Task details: Without the pictures, output all of the data exactly.

Dataset excerpt:

<<<<

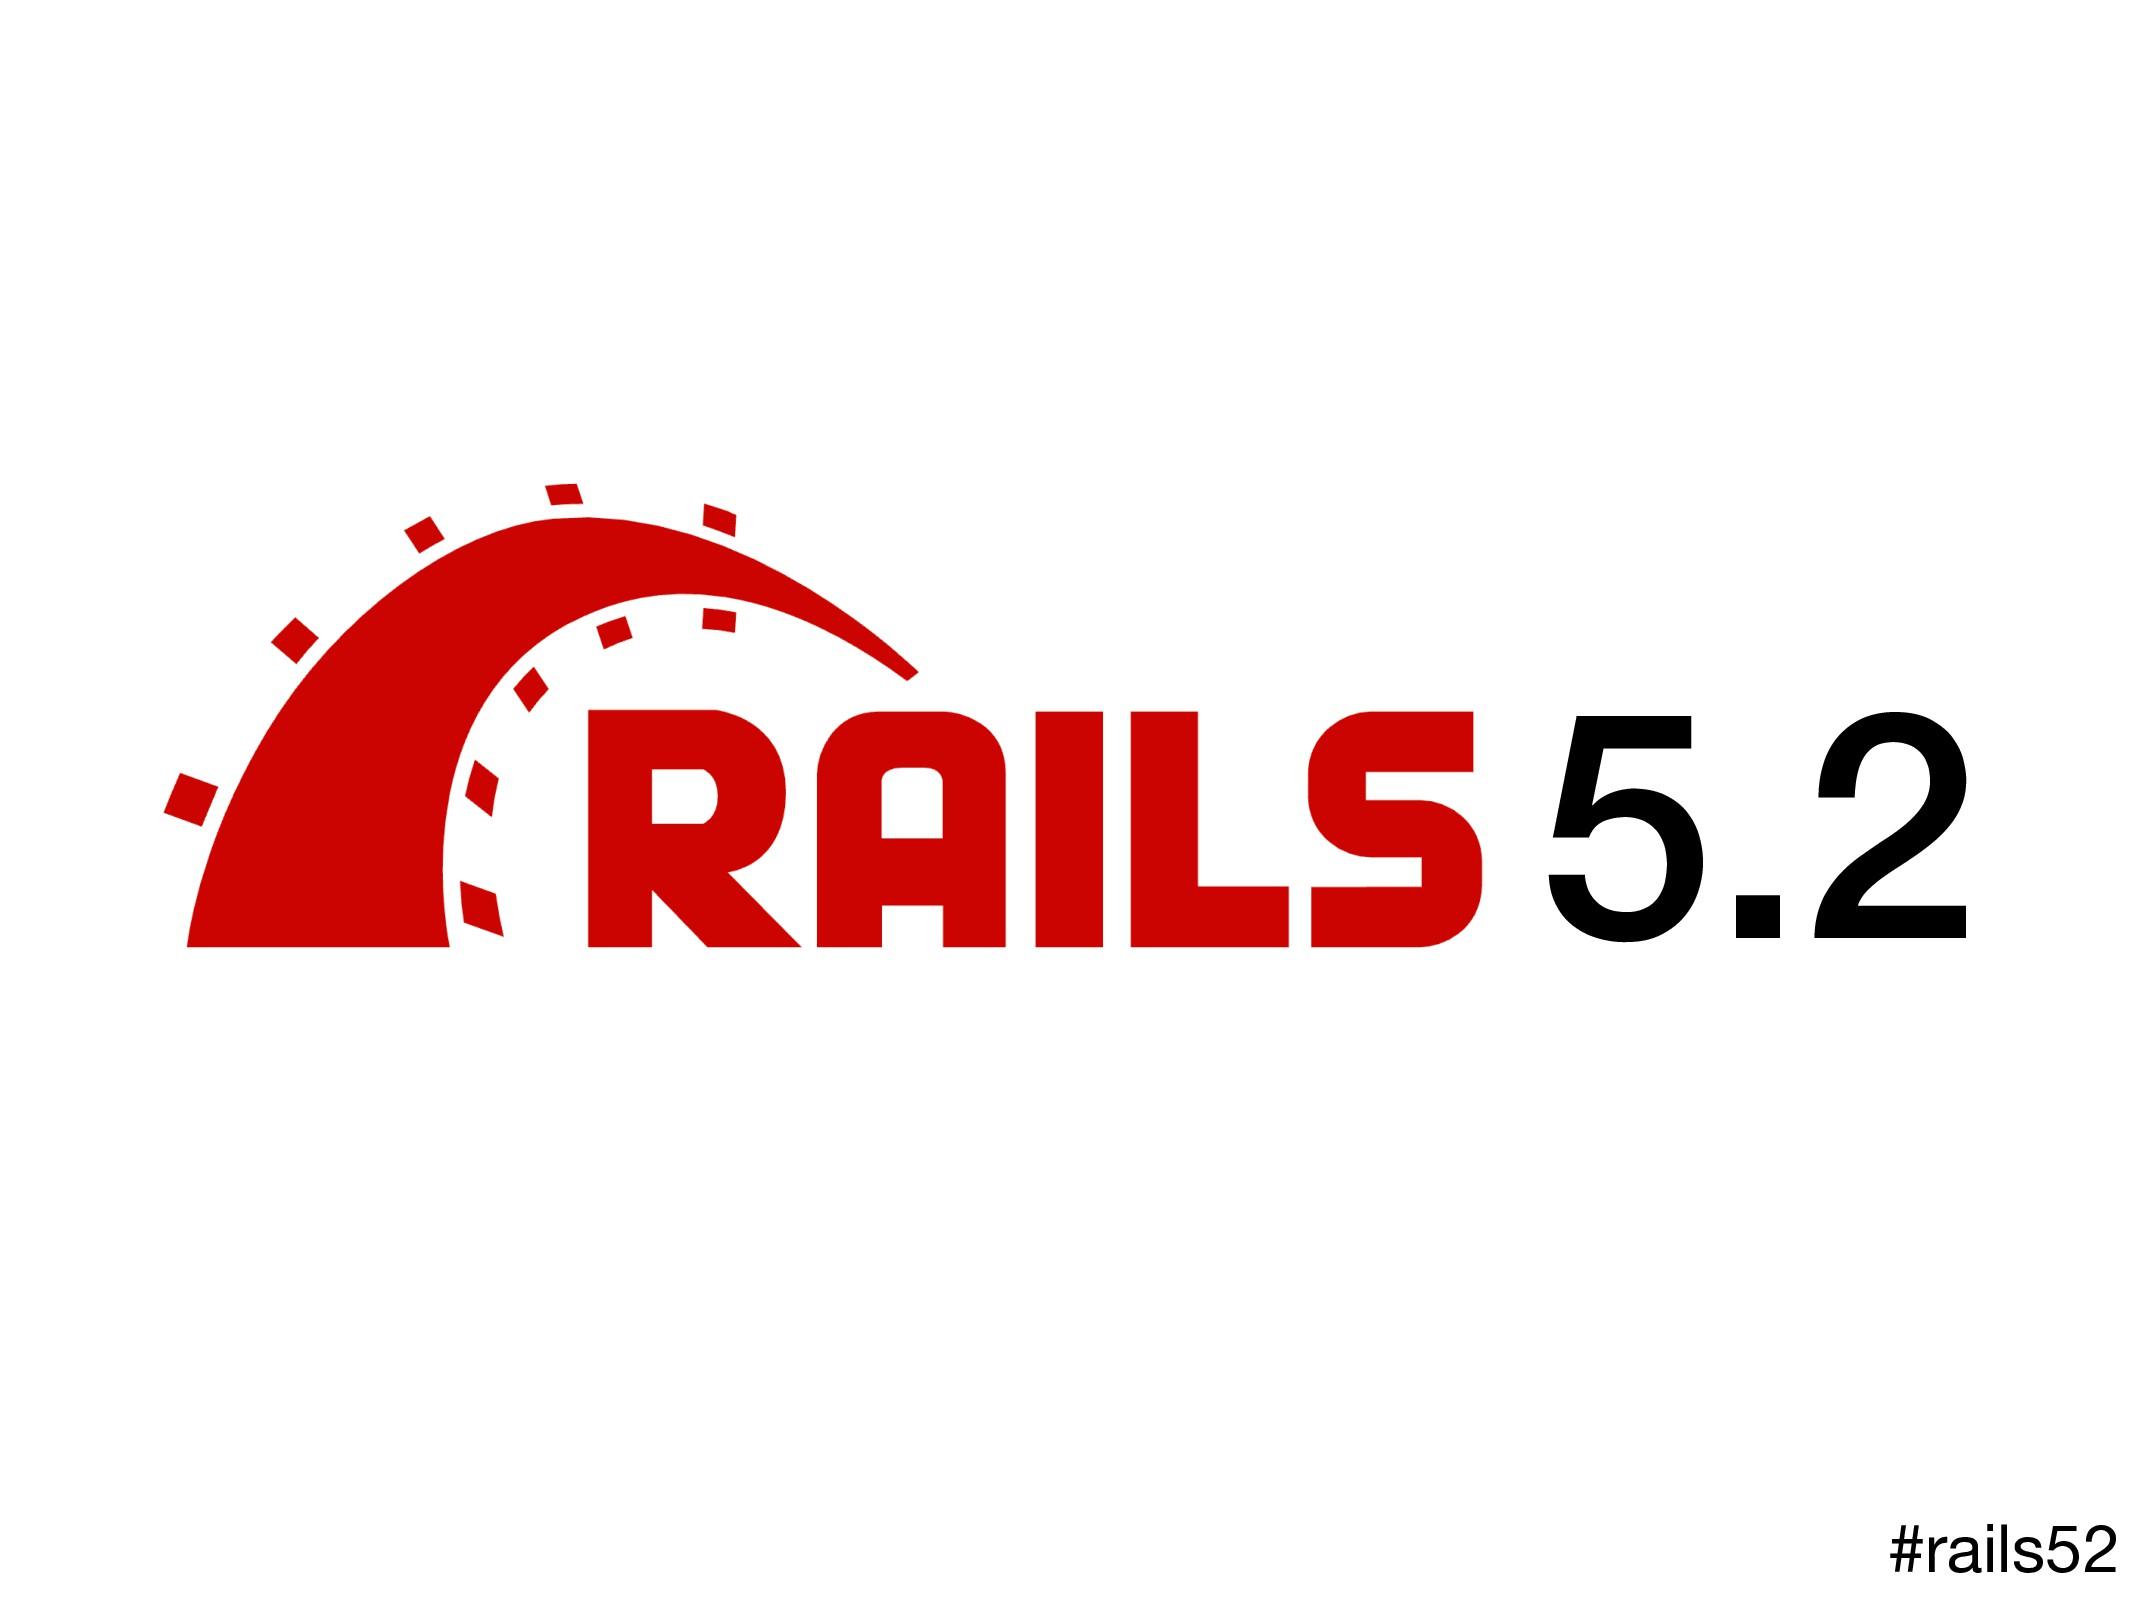 5.2 #rails52
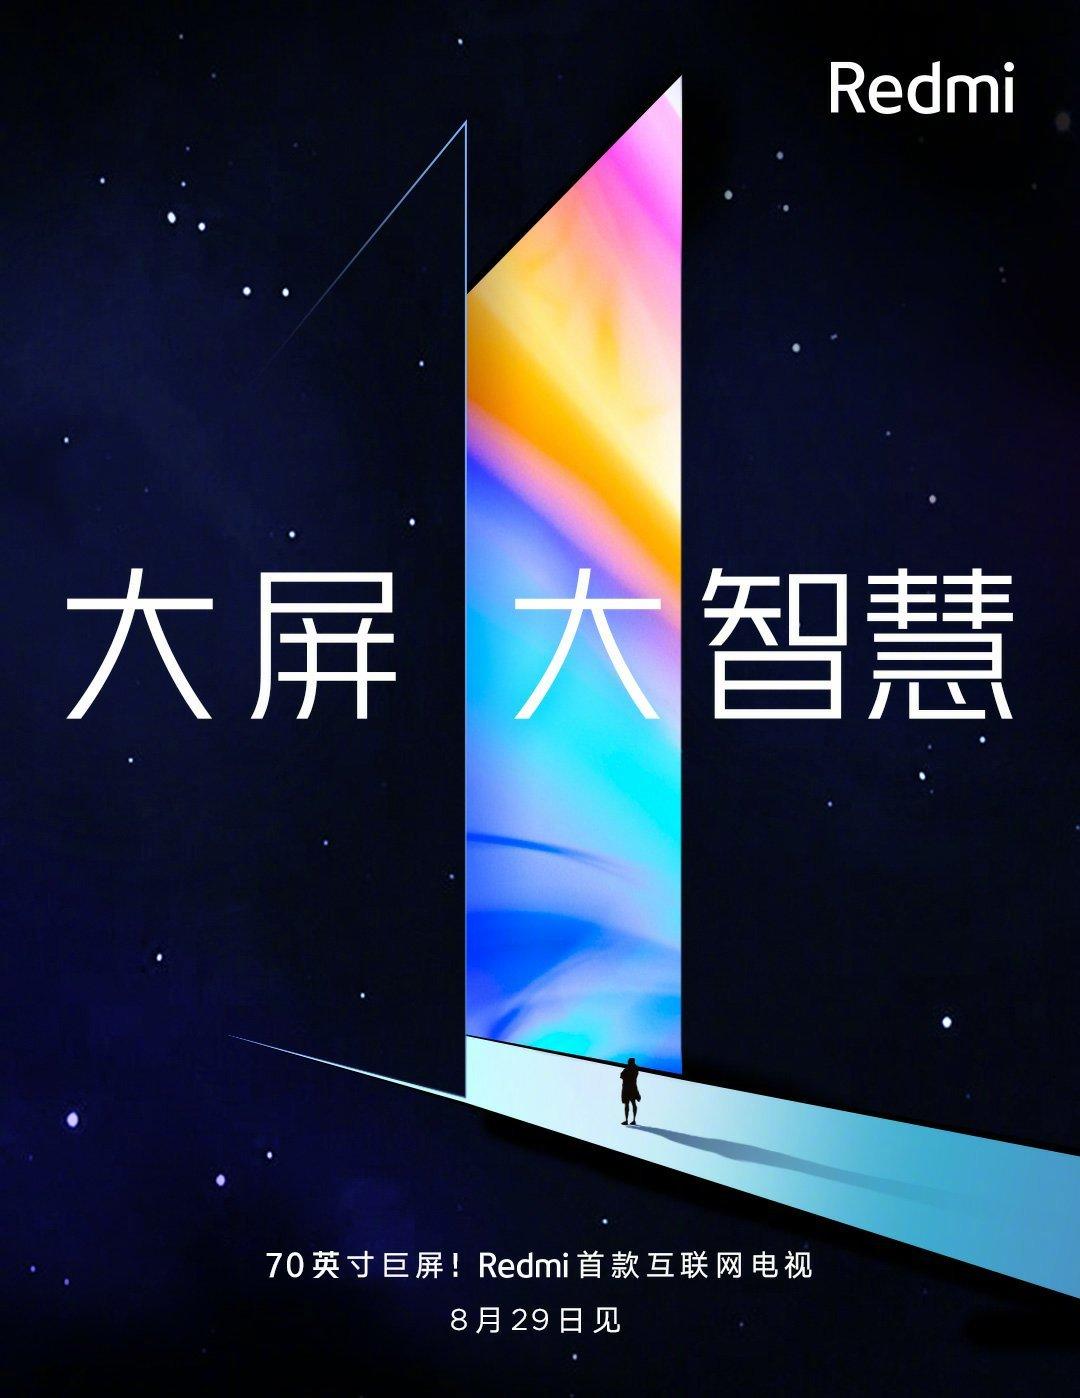 红米首款电视要来了:70英寸巨屏 8月29日发布
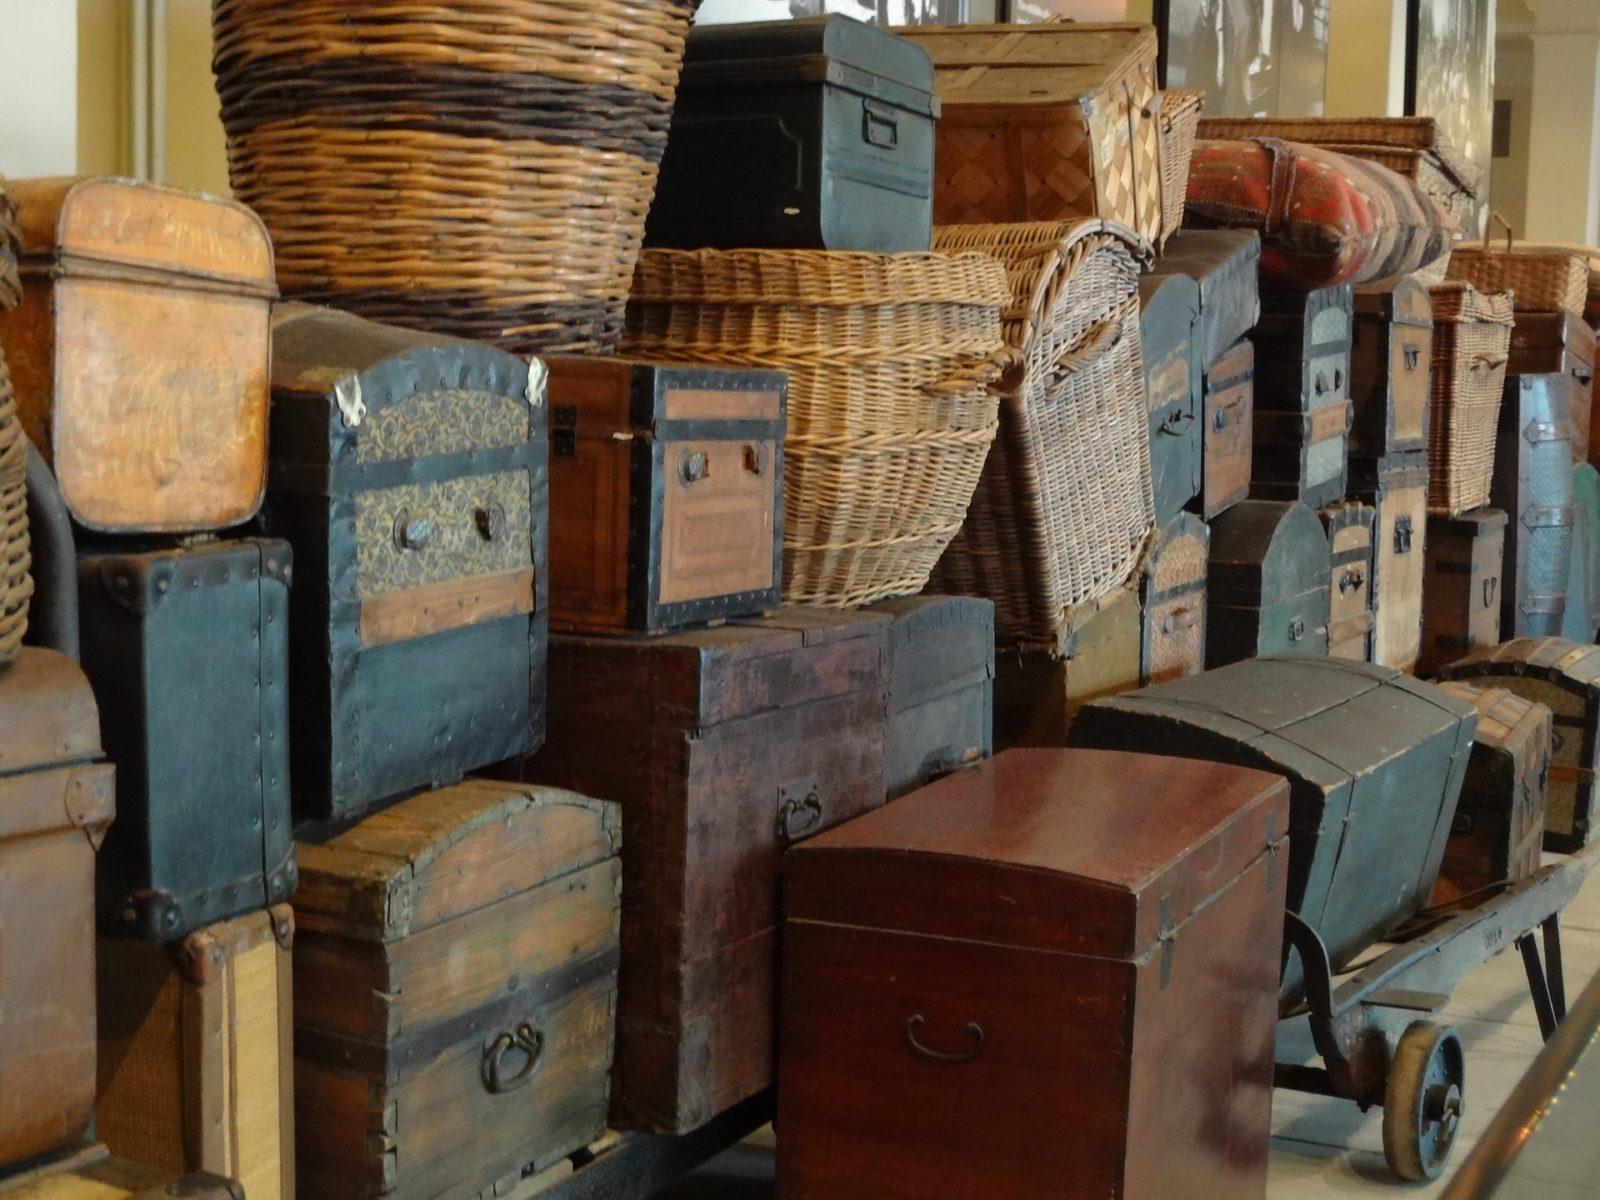 vintage-luggage-652875_1920

>>>>

Response for this exercise:
 5.2 #rails52
 红米首款电视要来了:70英寸巨屏 8月29日发布
 vintage-luggage-652875_1920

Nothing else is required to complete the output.